Given the root of a binary tree and an integer targetSum, return true if the tree has a root-to-leaf path such that adding up all the values along the path equals targetSum. A leaf is a node with no children.

Example 1:

Input: root = [5,4,8,11,null,13,4,7,2,null,null,null,1], targetSum = 22
Output: true
Explanation: The root-to-leaf path with the target sum is shown.

Example 2:

Input: root = [1,2,3], targetSum = 5
Output: false
Explanation: There two root-to-leaf paths in the tree:
(1 --> 2): The sum is 3.
(1 --> 3): The sum is 4.
There is no root-to-leaf path with sum = 5.

Solution

Since the sum is different for each path we need to track it for every traversal. A simple way to implement this is add it as a function argument. The function call stack will preserve all the intermediate values as calculated at each node level.

Our dfs() function will look like this:

def dfs(root, path_sum):
  ...

As always, we shall start with the base case. Whenever we reach a leaf node we can compare if the path_sum==target_sum and return the boolean result.

  if not root.left and not root.right:
    return path_sum==target_sum

However, before we compare path_sum==target_sum, we need to update path_sum.

  path_sum +=root.val

The next step is to traverse through the tree.

  if root.left and root.right:
    return dfs(root.left,path_sum) or dfs(root.right,path_sum)
  elif root.left:
    return dfs(root.left,path_sum)
  else:
    return dfs(root.right,path_sum)

In case of a edge case where root=[], you can validate that before calling the dfs() function.

if not root:
  return False

Finally return the dfs(root,0).

return dfs(root,0)

Final Code

Here is the full code.

# class TreeNode:
#     def __init__(self, val=0, left=None, right=None):
#         self.val = val
#         self.left = left
#         self.right = right

def has_path_sum(root, target_sum):
  if not root:
    return False
  
  def dfs(root,path_sum):
    path_sum+= root.val
    
    if not root.left and not root.right:
      return path_sum == target_sum
    
    if root.left and root.right:
      return dfs(root.left,path_sum) or dfs(root.right,path_sum)
    elif root.left:
      return dfs(root.left,path_sum)
    else:
      return dfs(root.right,path_sum)
 
  return dfs(root,0)

Now, there is a bit shorter version.

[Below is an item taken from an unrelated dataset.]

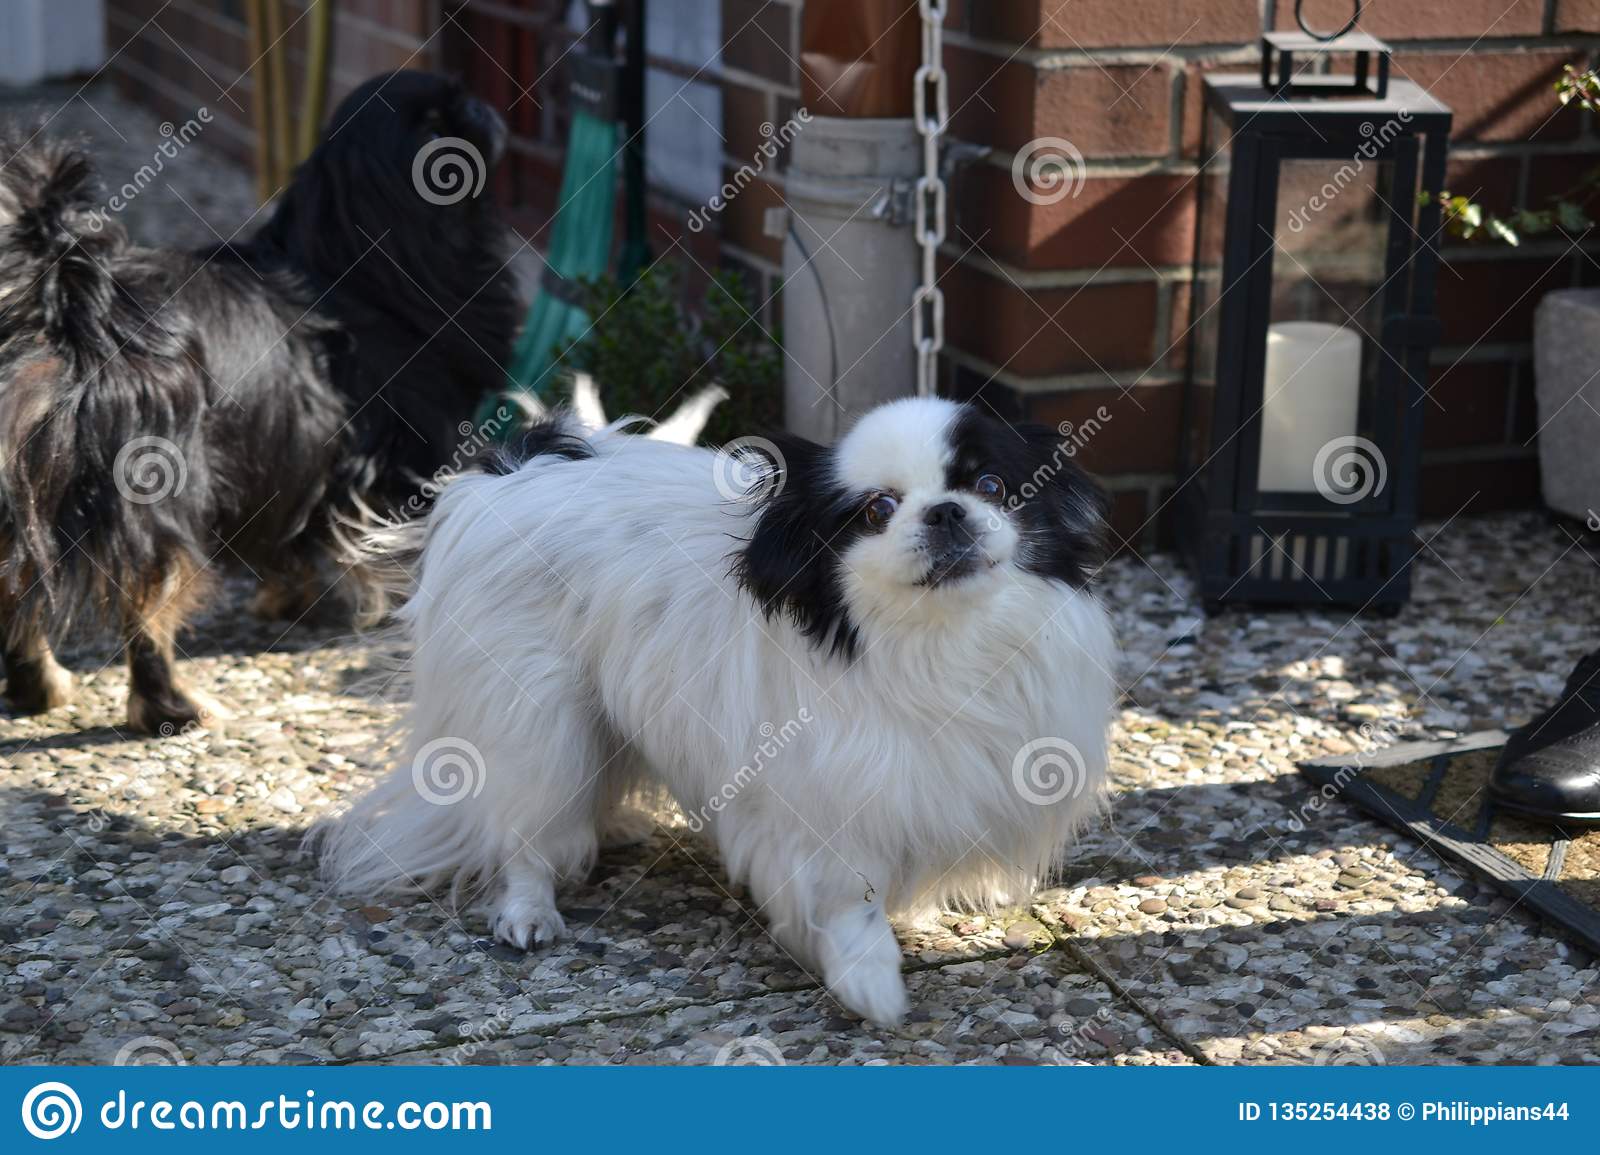 race de couples pékinois blanche et noire courte longue adorable cheveux jouant ensemble dans le jardin chiot chien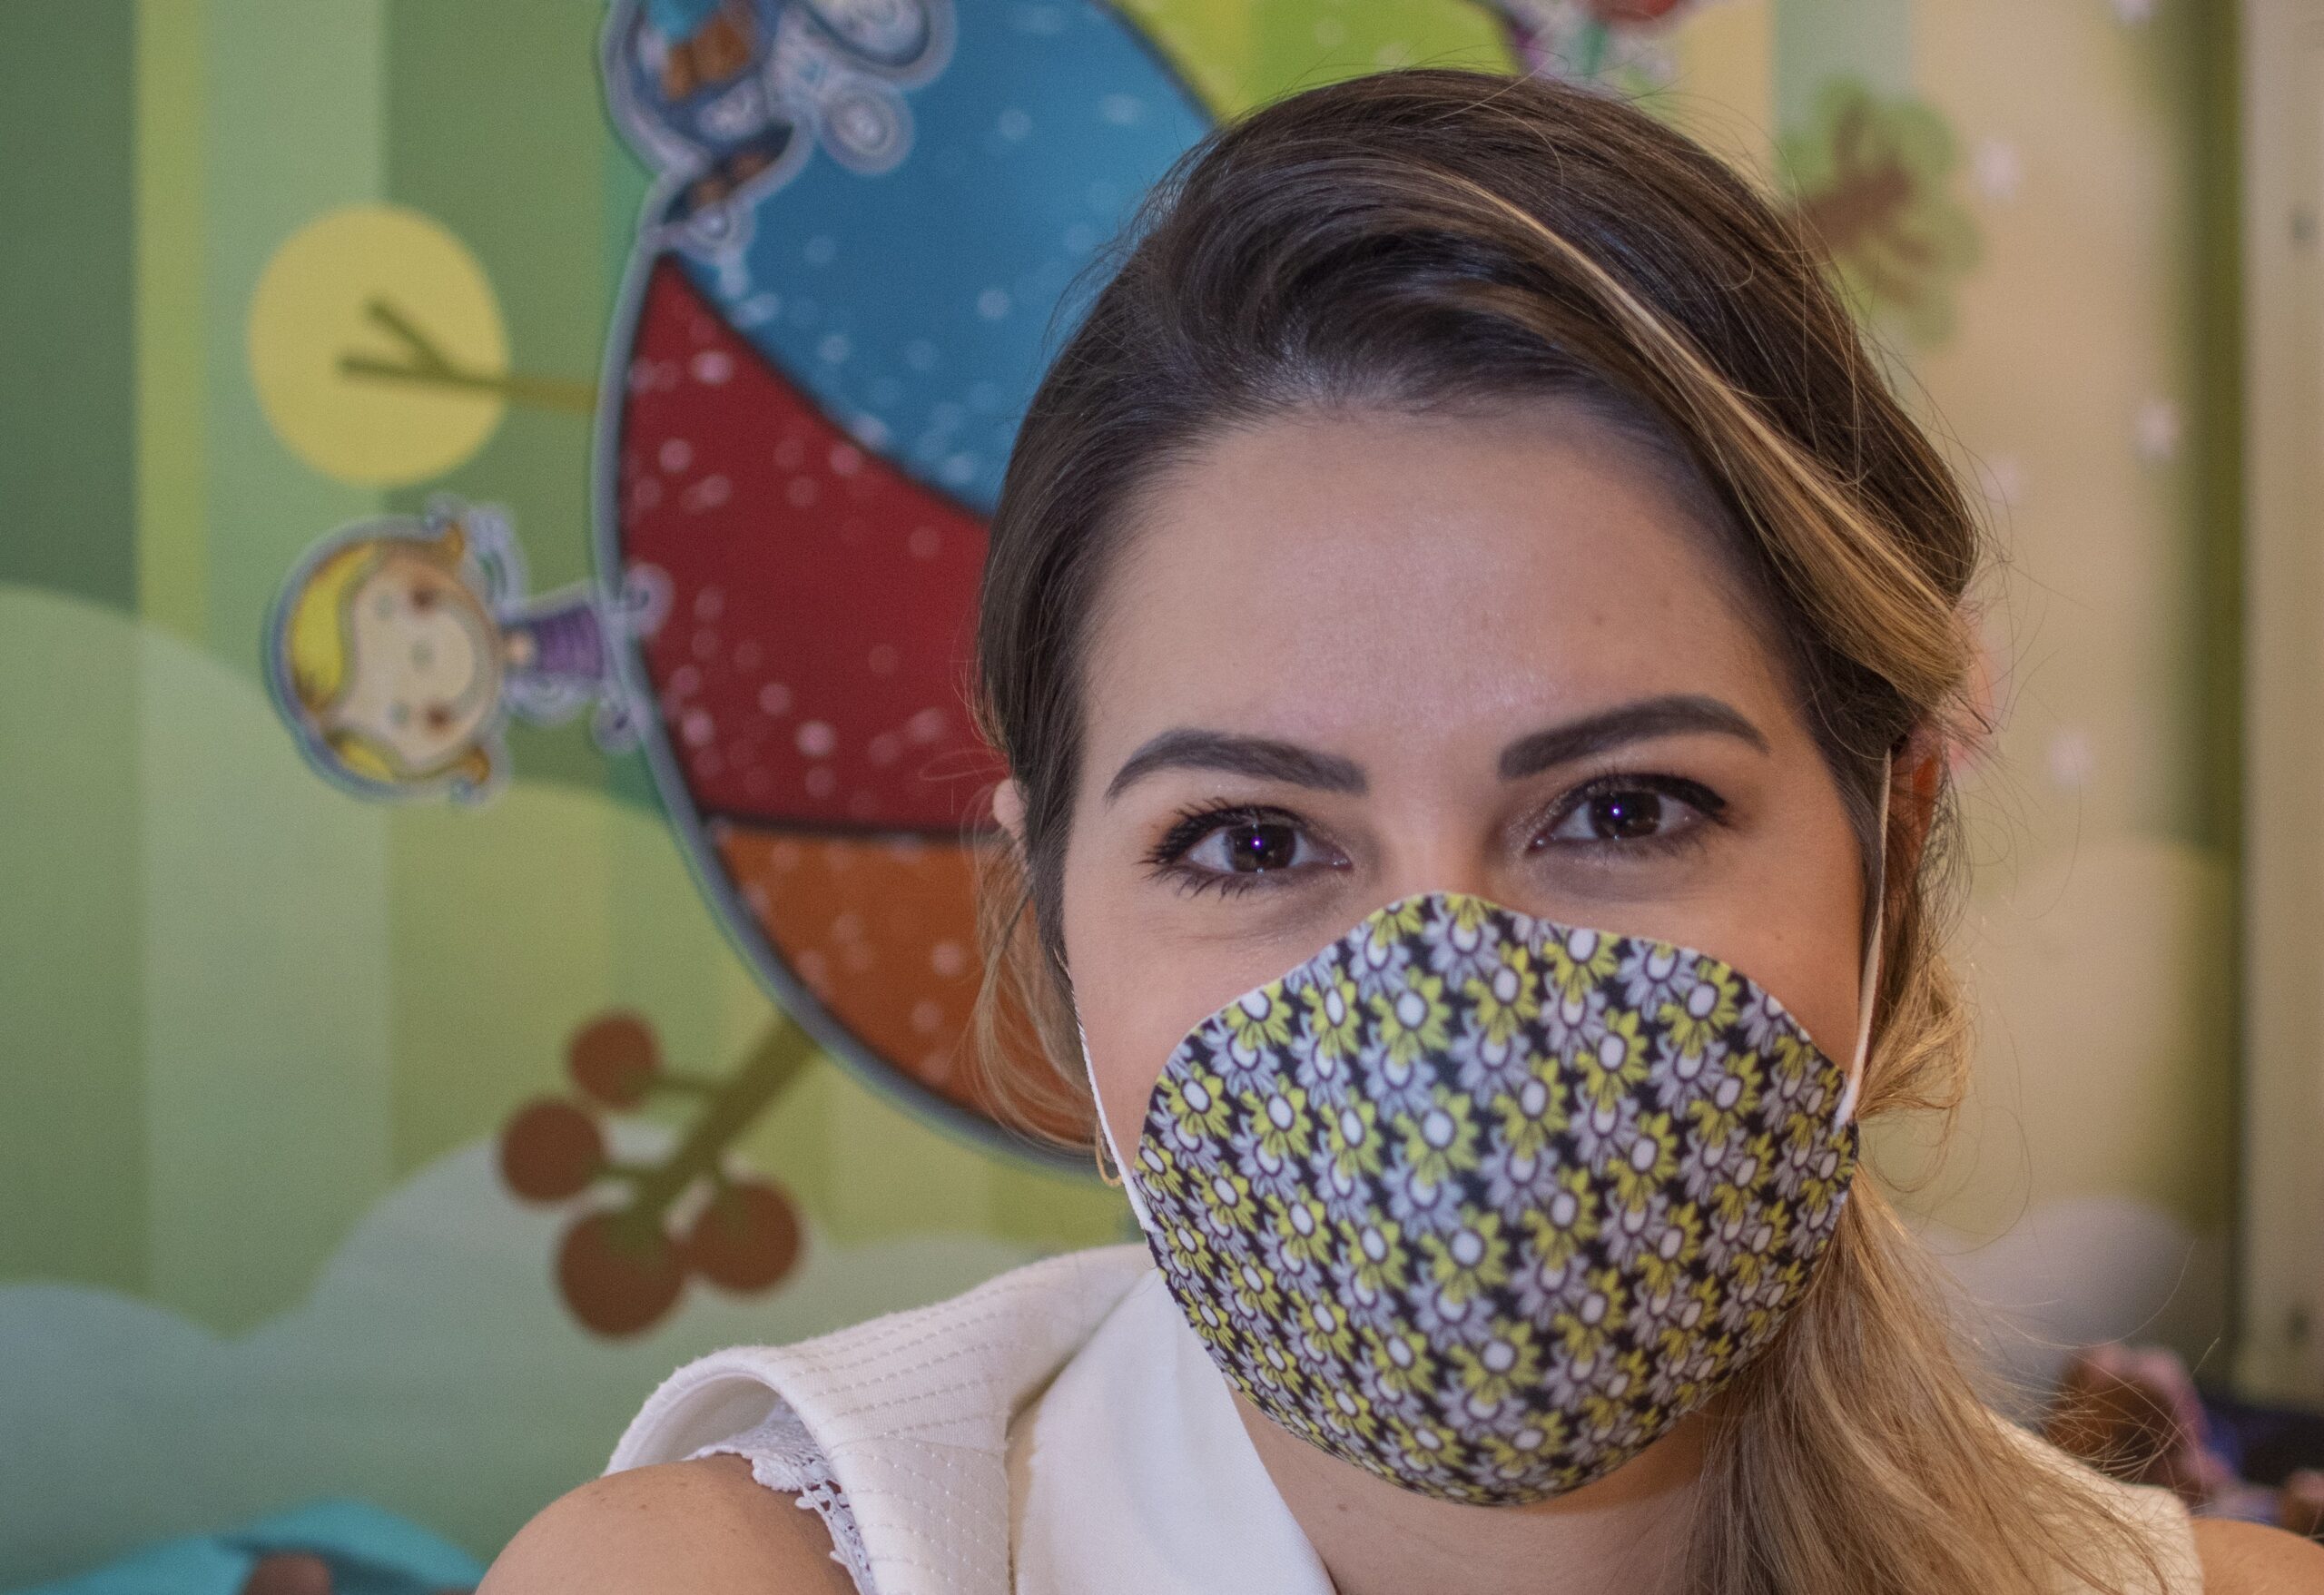 Em prol da solidariedade, marcas e estilistas cearenses produzem máscaras para doação

Here is the code below. If you have understood the above code, the below one should be very similar to understand.

# class TreeNode:
#     def __init__(self, val=0, left=None, right=None):
#         self.val = val
#         self.left = left
#         self.right = right

def has_path_sum(root, target_sum):
  def dfs(root,path_sum):
    if not root:
	    return False
  
  	path_sum+= root.val
    
    if not root.left and not root.right:
      return path_sum == target_sum
    
    return dfs(root.left,path_sum) or dfs(root.right,path_sum)
  return dfs(root,0)